RAW DATA:

════════════════════

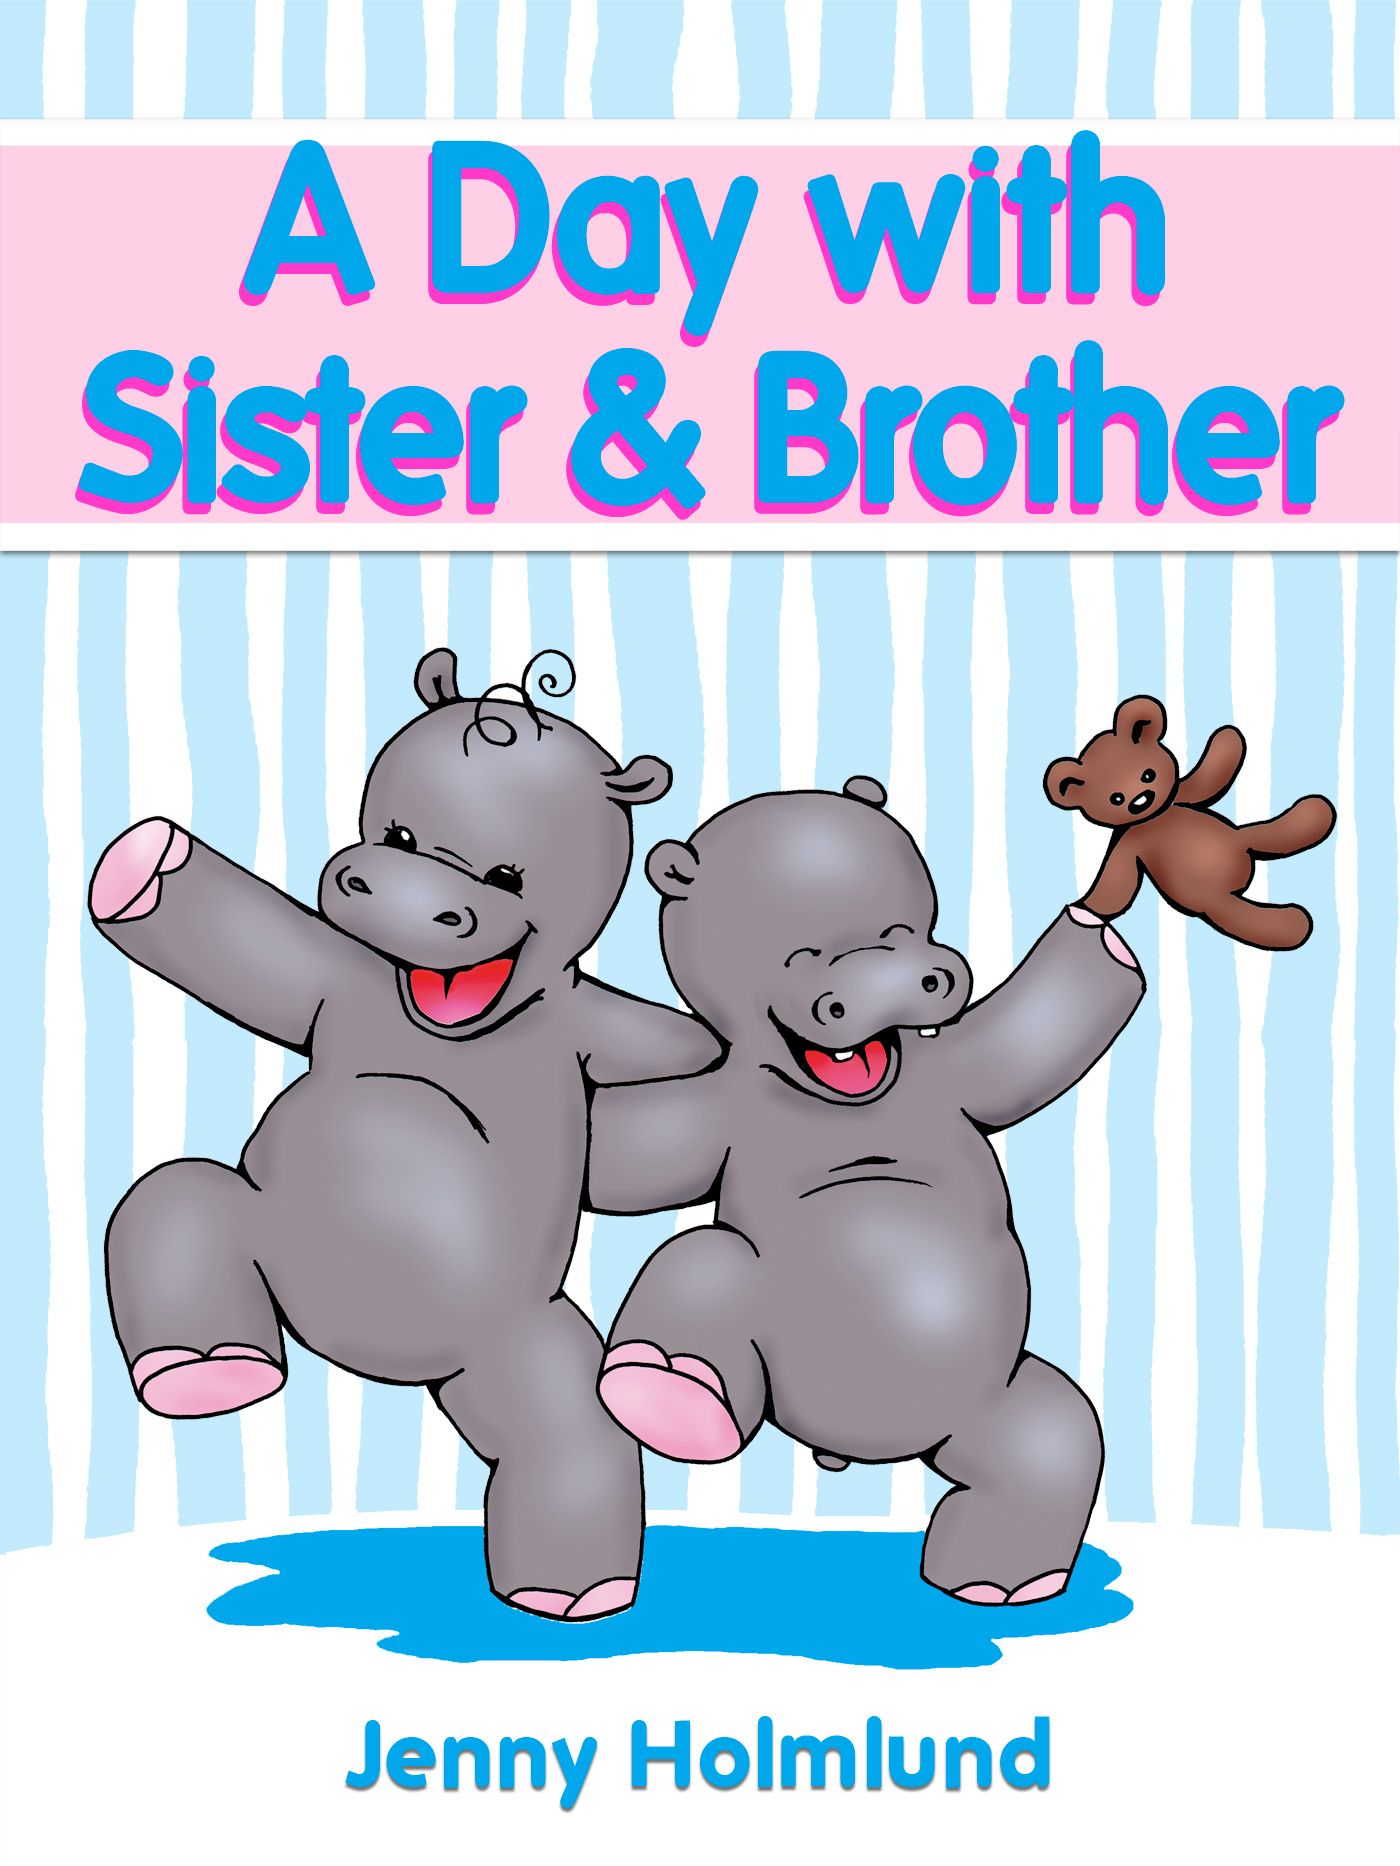 A Day with Sister & Brother, e-bog af Jenny Holmlund
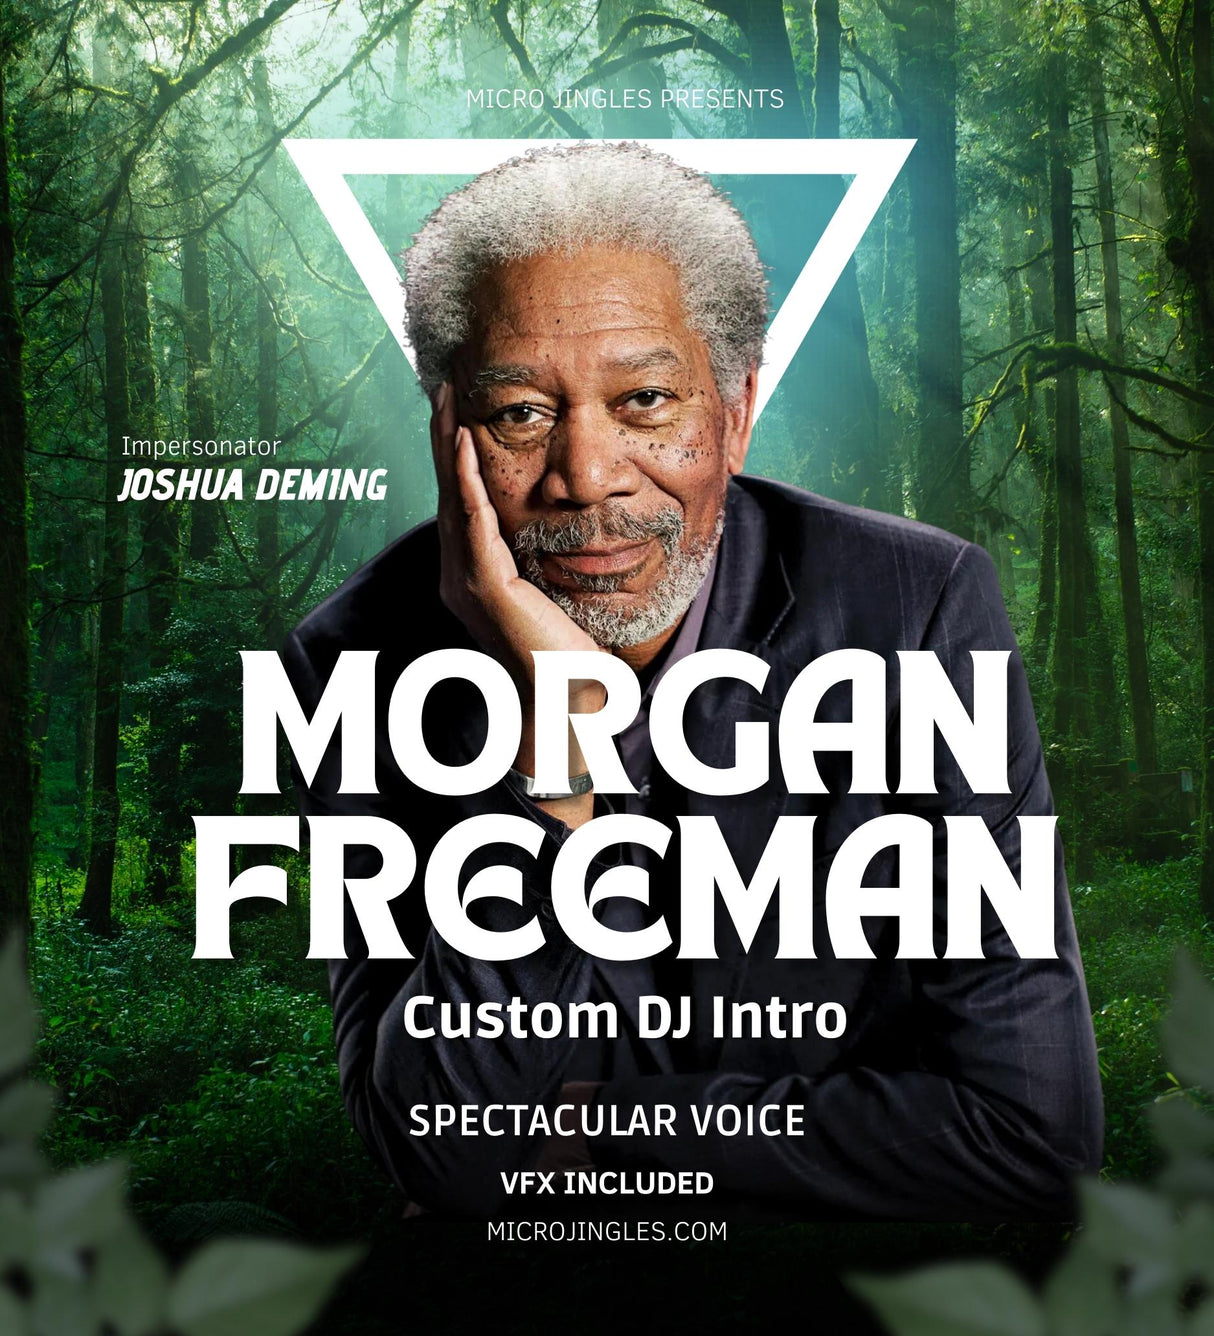 Custom DJ Intro by Morgan Freeman (Joshua)
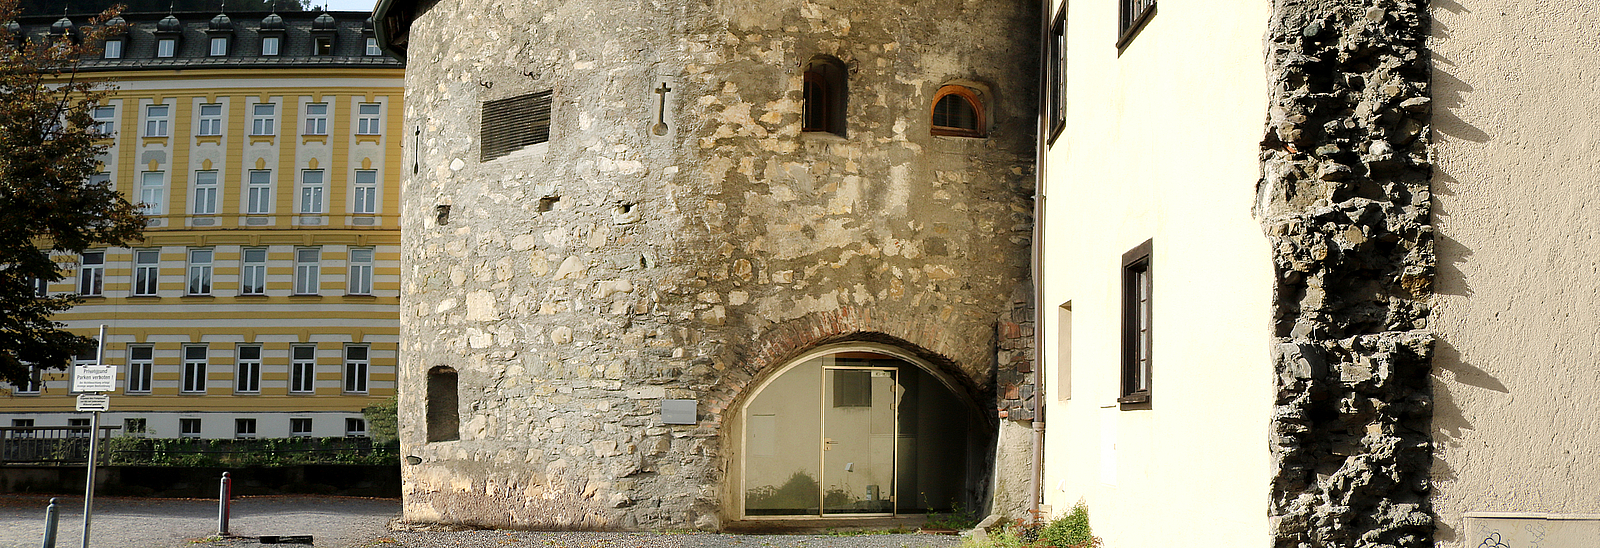 Der Pulverturm in Feldkirch von außen
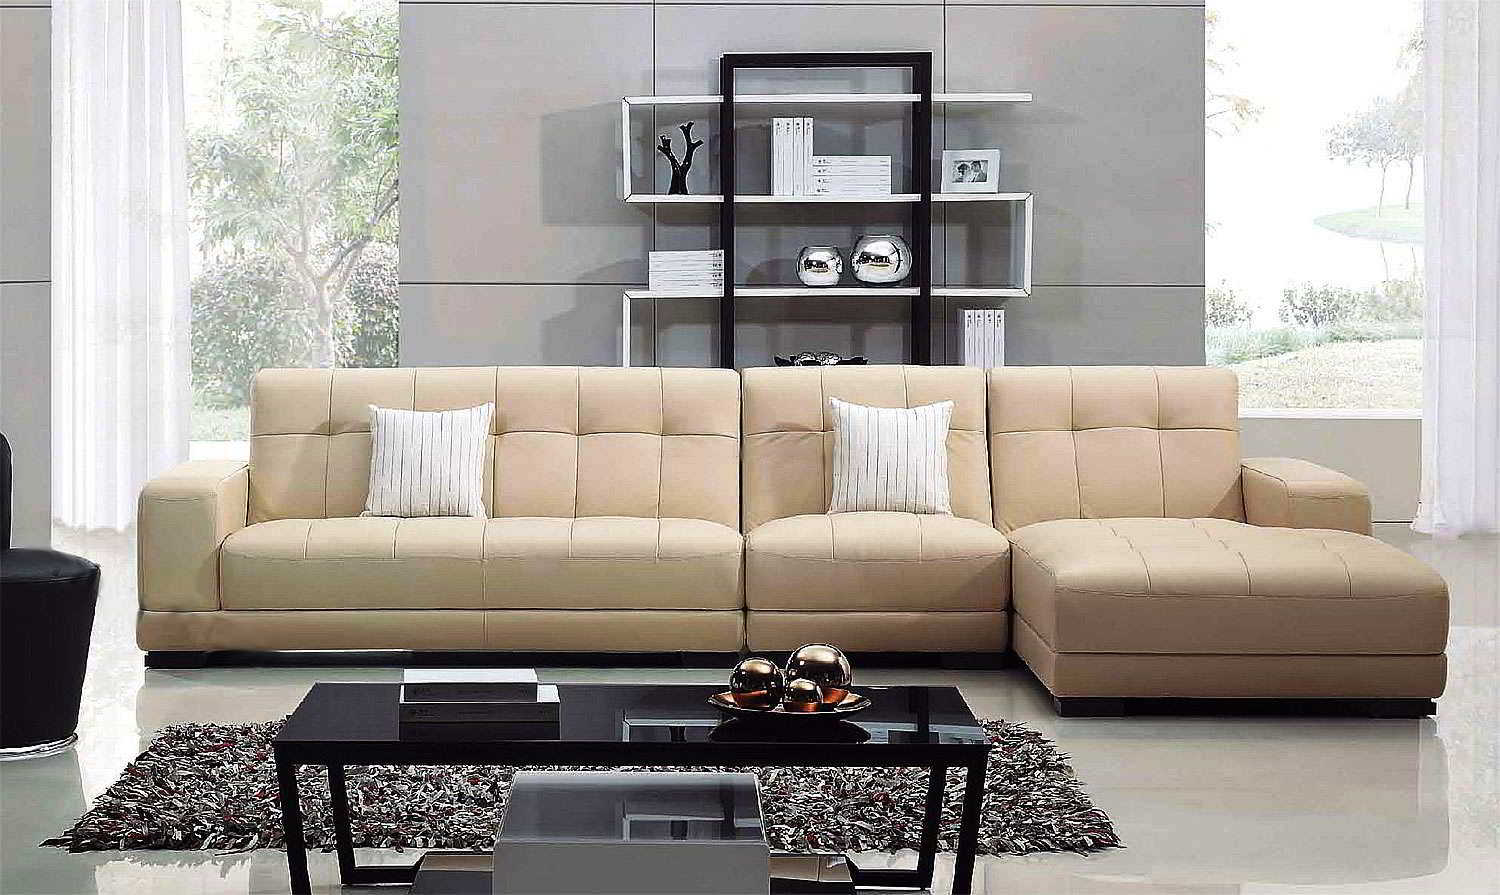  Model  Sofa  Ruang Keluarga Minimalis  Desain Rumah

════════════════════

YOUR OBJECTIVE: Please print the data above in its entirety, exactly, but without any picture.

SOLUTION FOR THIS EXERCISE:
 A Day with Sister & Brother, e-bog af Jenny Holmlund
 Custom DJ Intro by Morgan Freeman (Joshua)
 Der Pulverturm in Feldkirch von außen
  Model  Sofa  Ruang Keluarga Minimalis  Desain Rumah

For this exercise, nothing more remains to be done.